[Data block — start]
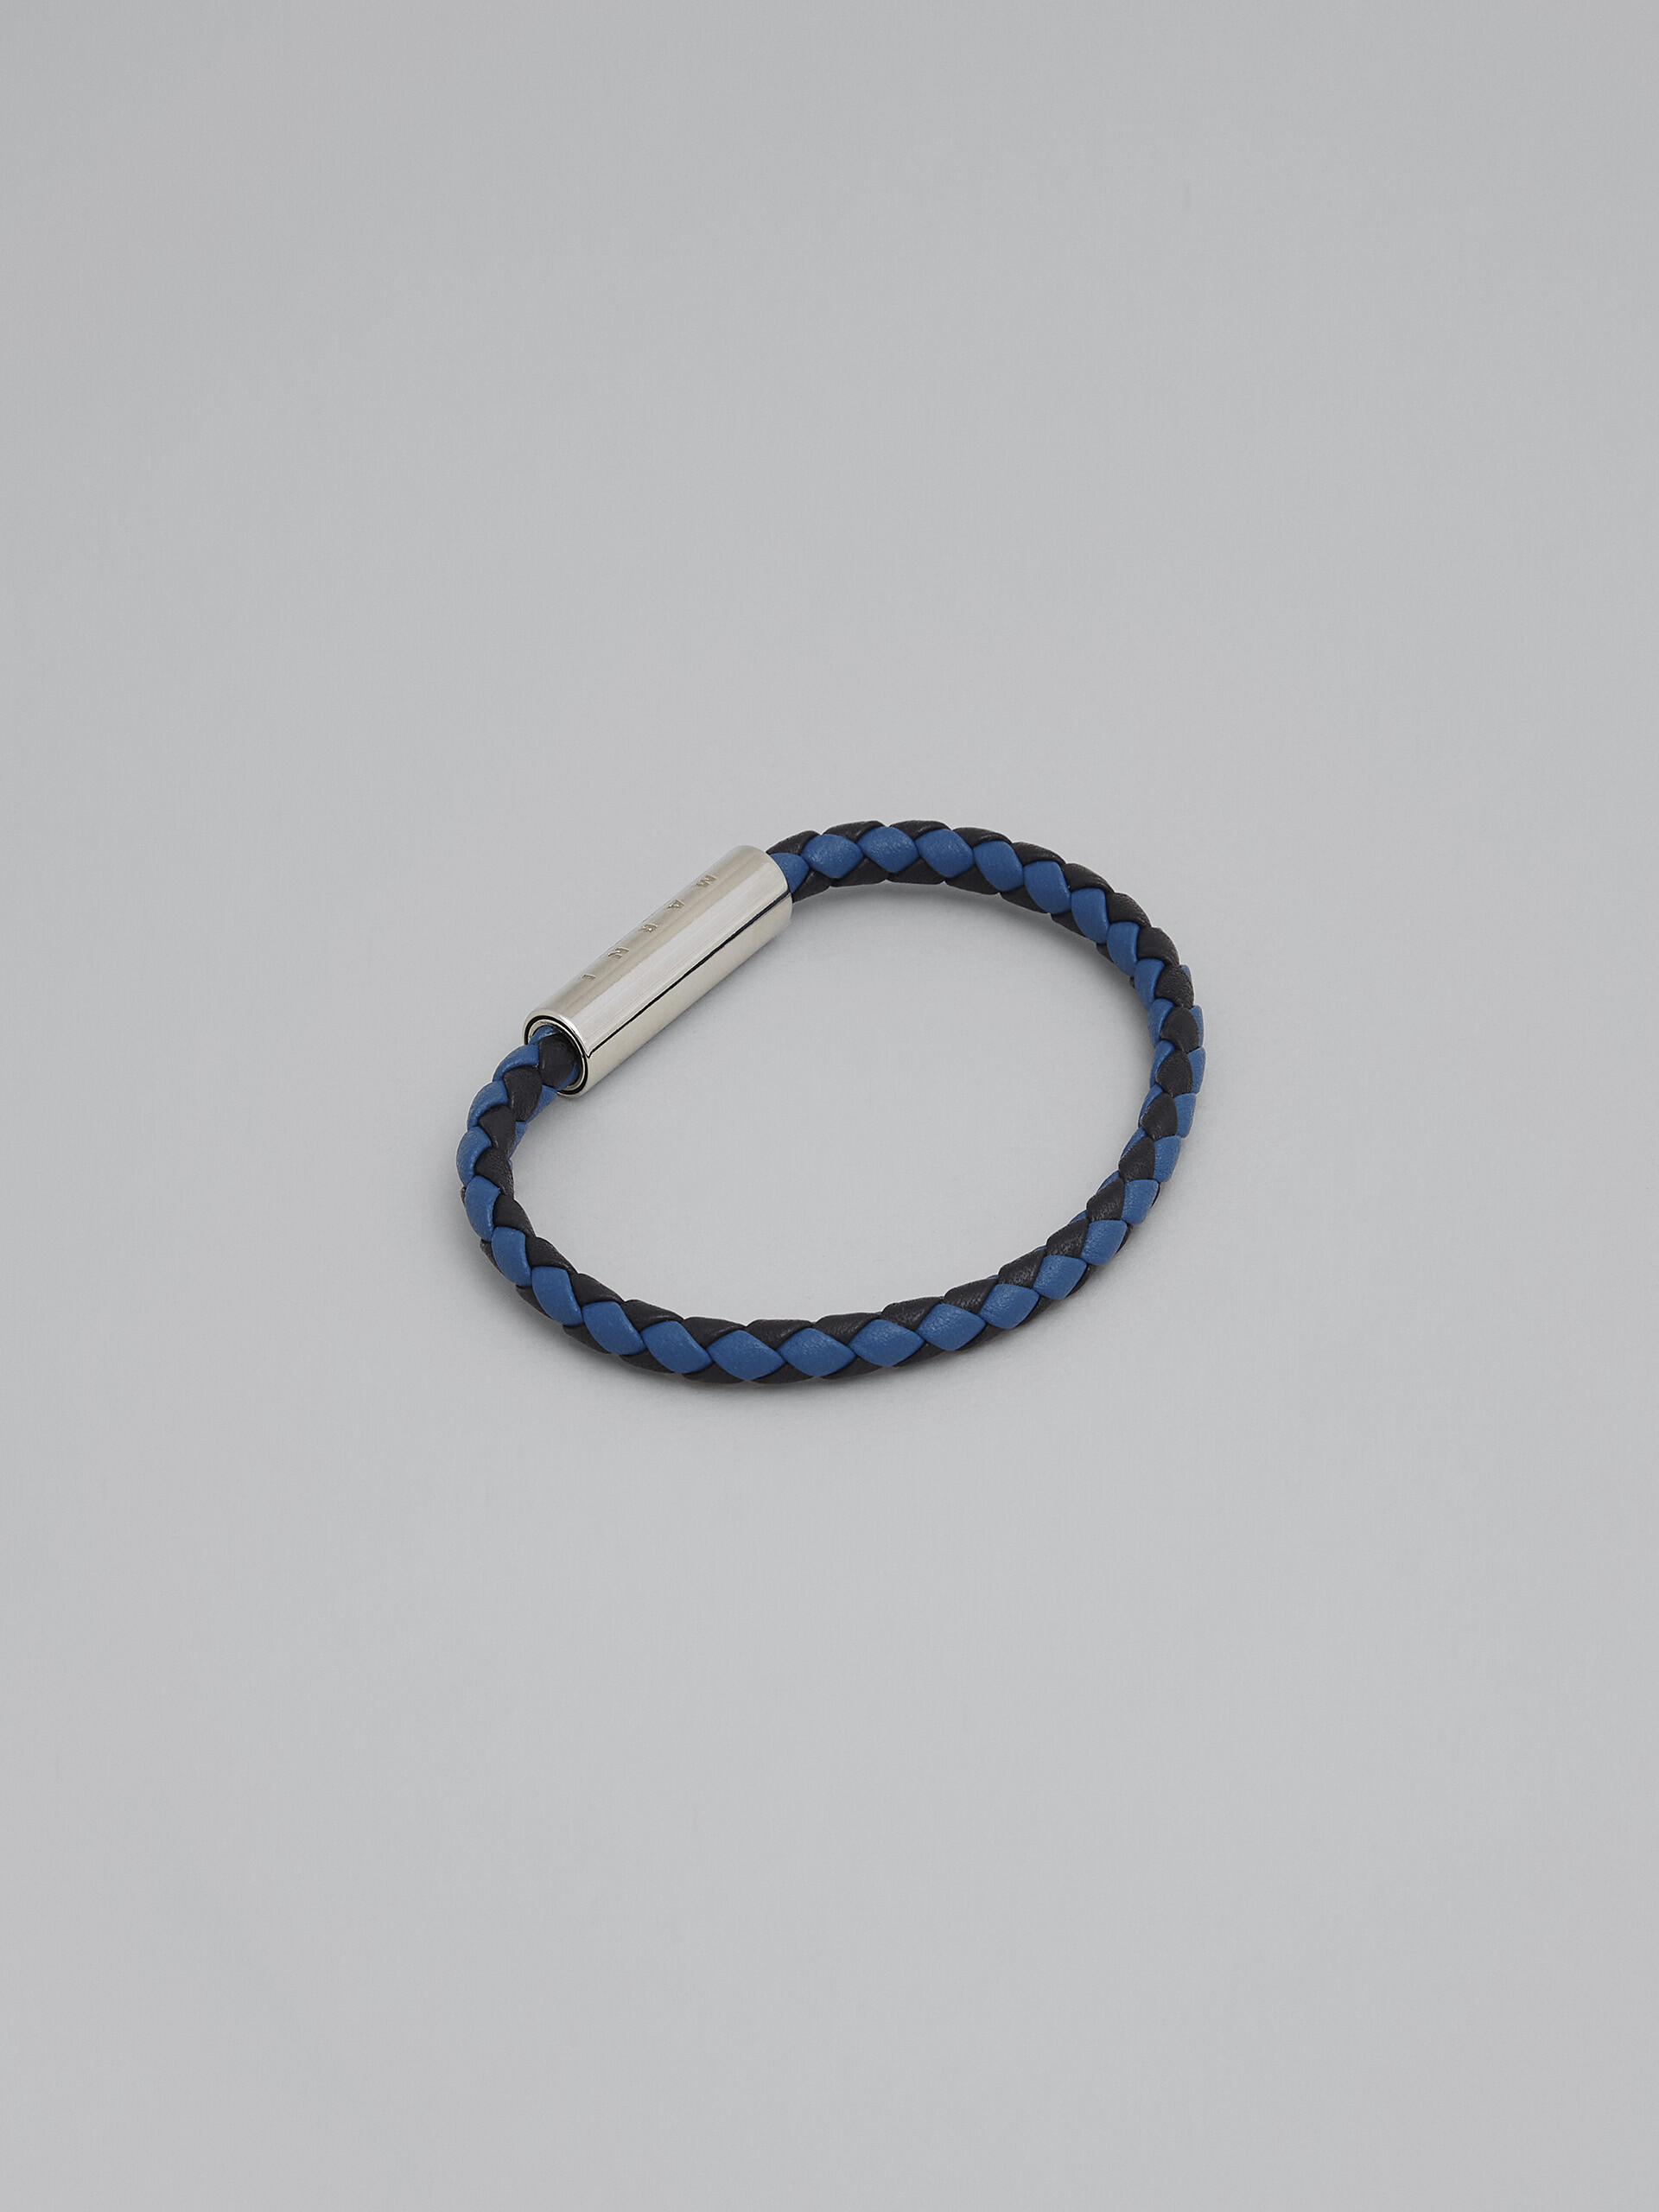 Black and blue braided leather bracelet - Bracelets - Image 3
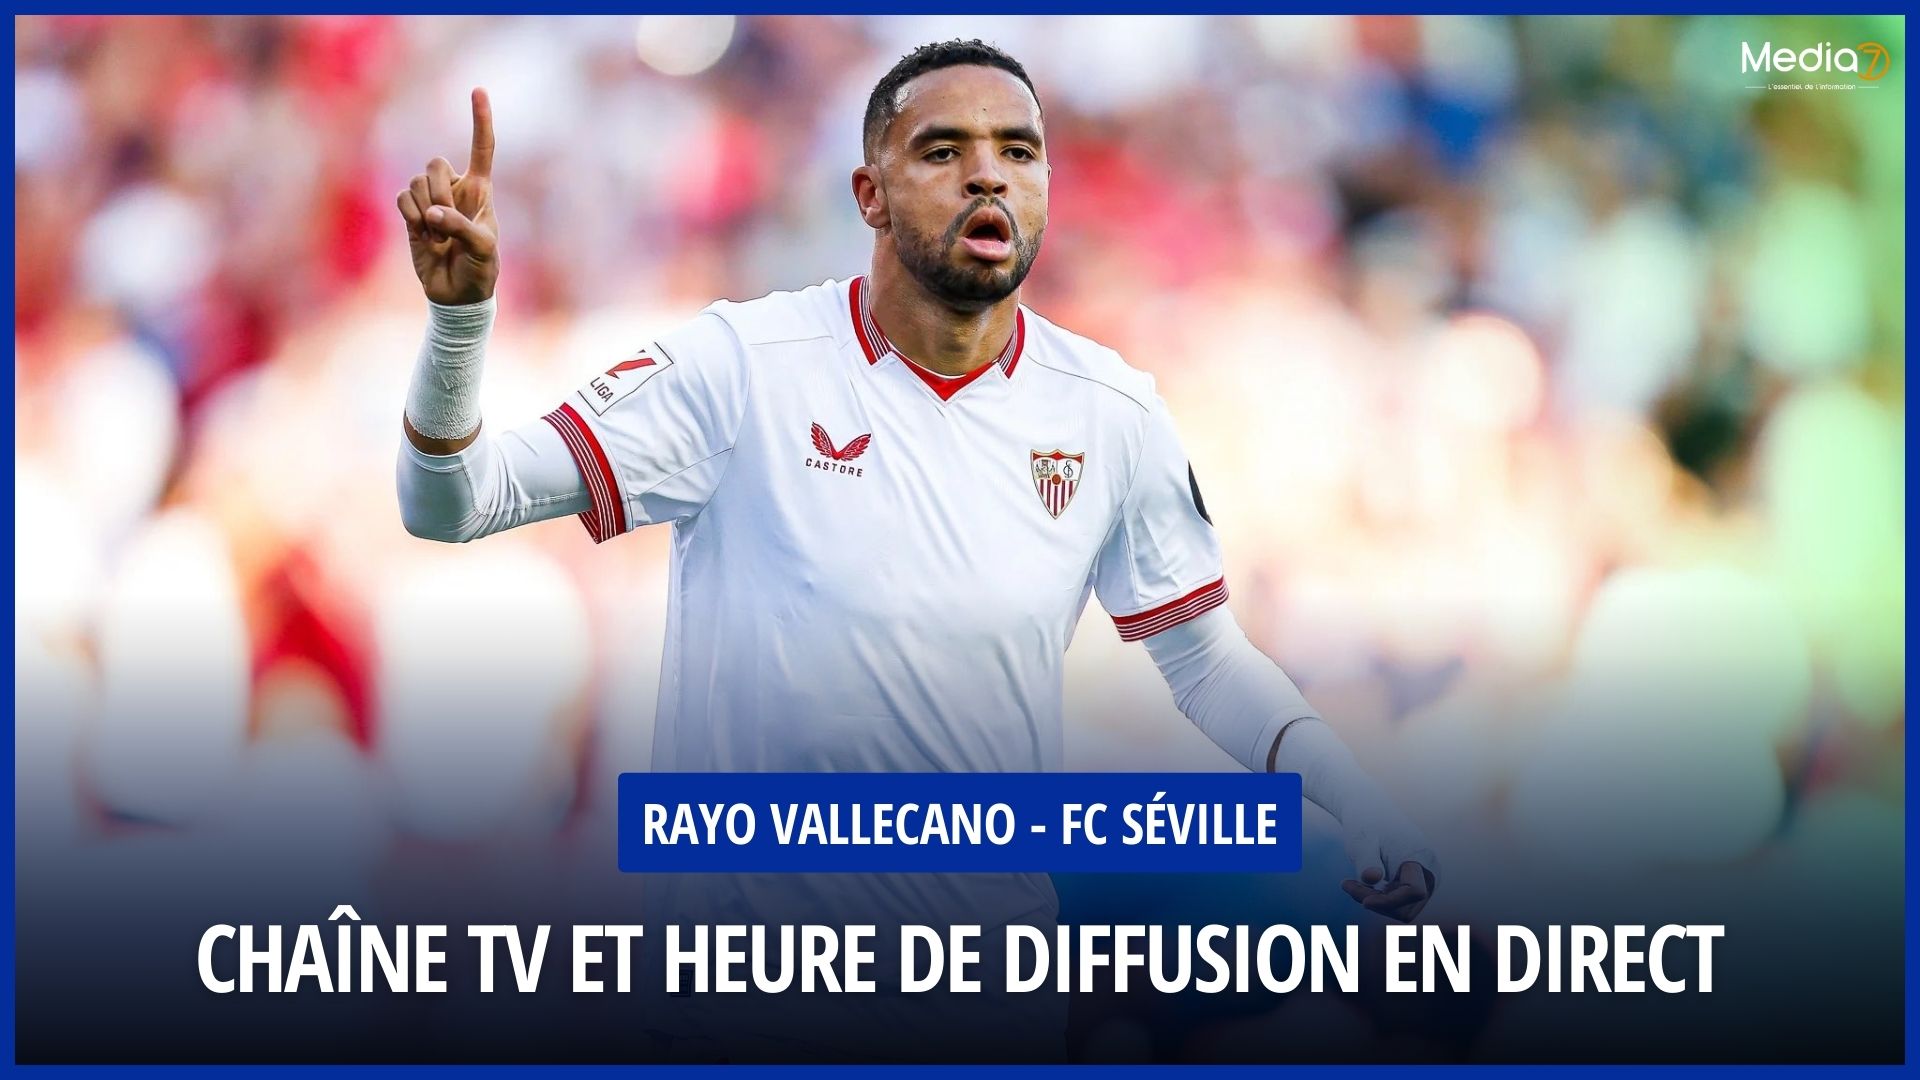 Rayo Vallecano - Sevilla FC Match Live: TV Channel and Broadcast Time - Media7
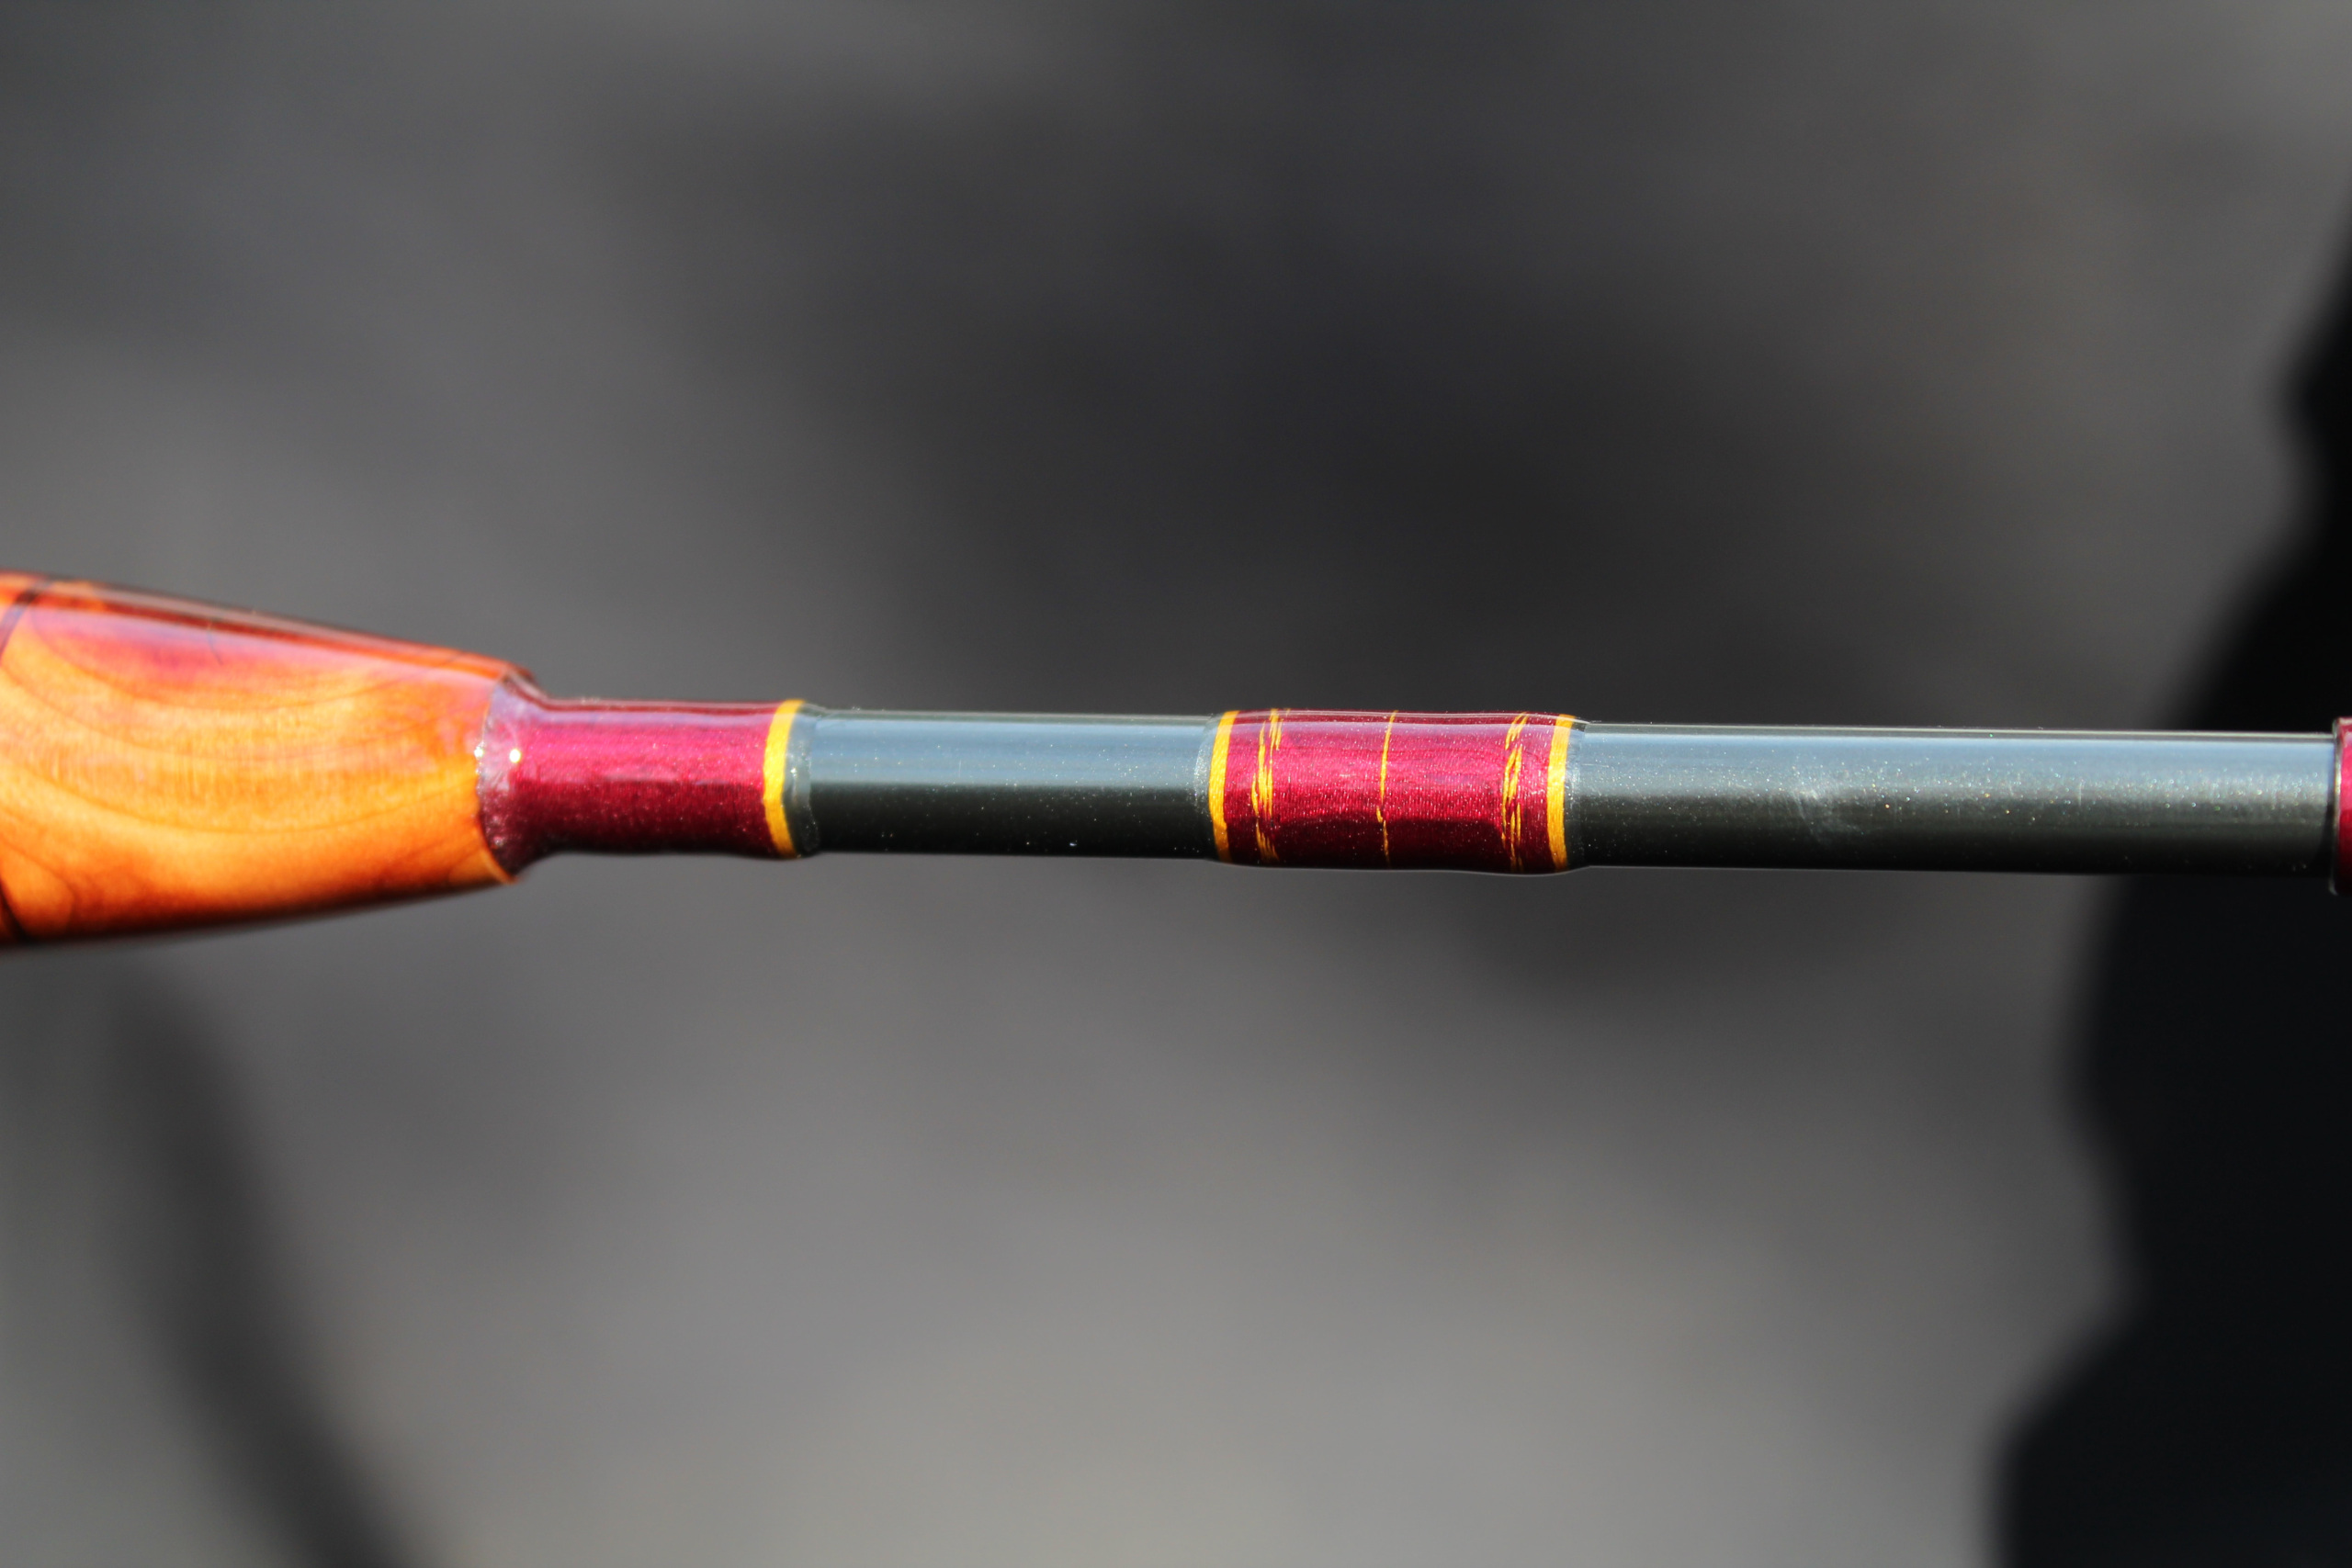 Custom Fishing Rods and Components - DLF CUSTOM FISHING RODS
[Data block — finish]
What the task asks
From the material above, copy everything exactly but the pictures.

Solution for this task
 Black and blue braided leather bracelet - Bracelets - Image 3
 Rayo Vallecano - Sevilla FC Match Live: TV Channel and Broadcast Time - Media7
 Custom Fishing Rods and Components - DLF CUSTOM FISHING RODS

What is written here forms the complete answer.